# The Disappearing Stripe



## CM Katie (Sep 28, 2005)

I just noticed the other day that Carl lost the black stripe down his back!!

With the stripe:

























And now, without the stripe:









Excuse me as I mourn the fact that Carl is growing up *cry* :lol:


----------



## Courtney (Jun 2, 2005)

I hear ya! I'm mourning Diesel's growing up as well.  
I just hope Guinness doesn't grow so fast.


----------



## CM Katie (Sep 28, 2005)

Courtney said:


> I hear ya! I'm mourning Diesel's growing up as well.
> I just hope Guinness doesn't grow so fast.


I can't believe Diesel's 10 months!

I also can't believe when Carl was a puppy and not sleeping through the night, not potty-trained, chewing on people's hands, I wished he would grow up. And now that he's grown up...*sob*

*suddenly depressed*


----------



## 2pups622 (Apr 17, 2005)

omg i get the same way with austin it goes to fast


----------



## newf (Jan 28, 2006)

He is still very cute stripe or stripeless. I agree, they grow up way too fast.


----------



## ~Jessie~ (Oct 30, 2005)

He is cute with or without the stripe! It's so funny how much their coats can change as they grow!


----------



## azusaheart (Mar 5, 2005)

Yeah, he'll always be so handsome. Will he keep his black face and tail?


----------



## Hello.Kittie (Dec 30, 2005)

Now im afraid bambi will lose his too when he gets older.

They grow so fast . I wish we could stop their growth.


----------



## TareG (Aug 13, 2005)

awww, he is very cute either way, but I know what you mean about them growing too fast!


----------



## CM Katie (Sep 28, 2005)

azusaheart said:


> Yeah, he'll always be so handsome. Will he keep his black face and tail?

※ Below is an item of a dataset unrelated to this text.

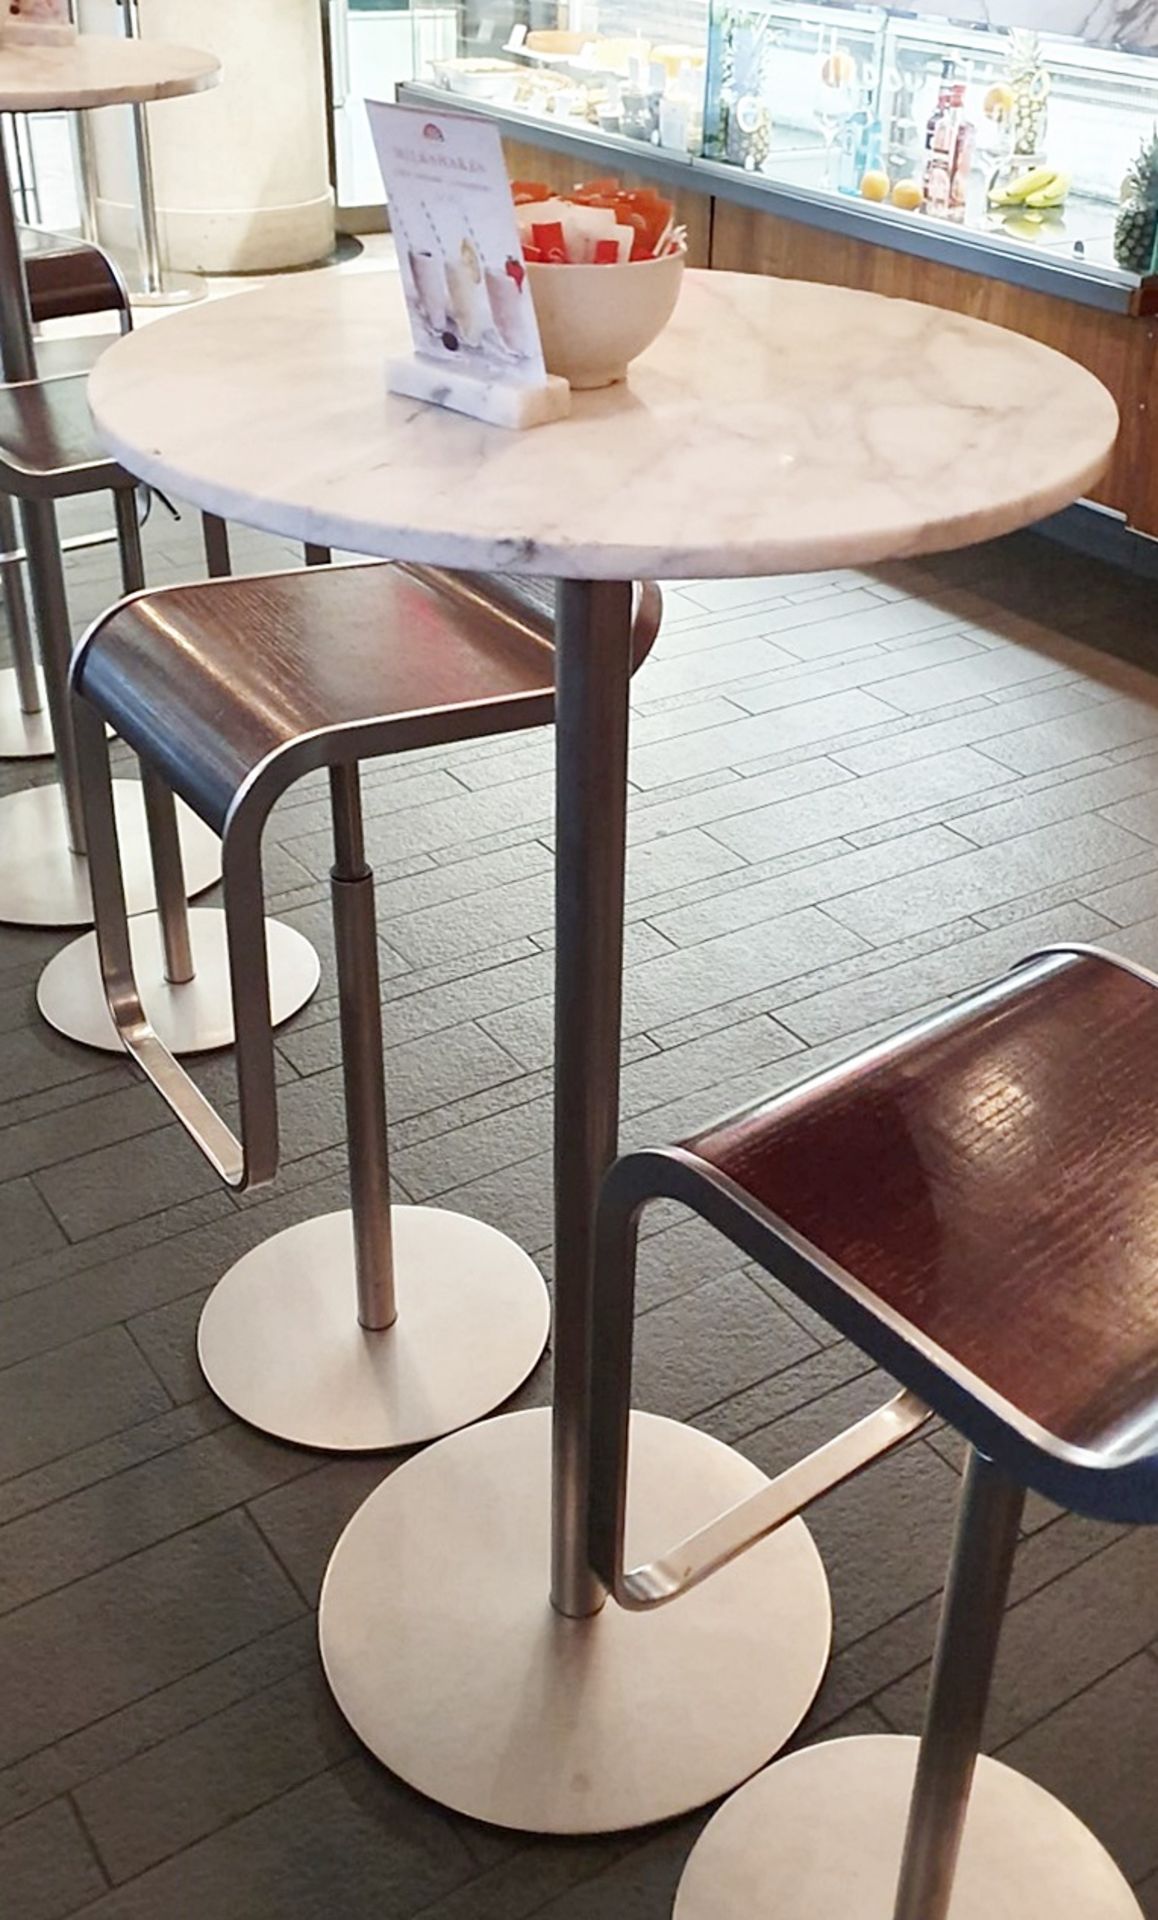 1 x Tall Round Marble/Granite Cocktail Bar Table - Dimensions: Diameter 60cm x Height 111cm - Ref:

I think he will, because his face and tail haven't changed at all. I hope he keeps the black mask at least- I love his black mask!


----------



## Kari (May 13, 2004)

I remember when Mr. Peepers was a baby, I would kinda get sad that he was getting big but at the same time I was excited to see what kind of boy he'd grow to be. :wink: I guess they are just like kids. :lol:


----------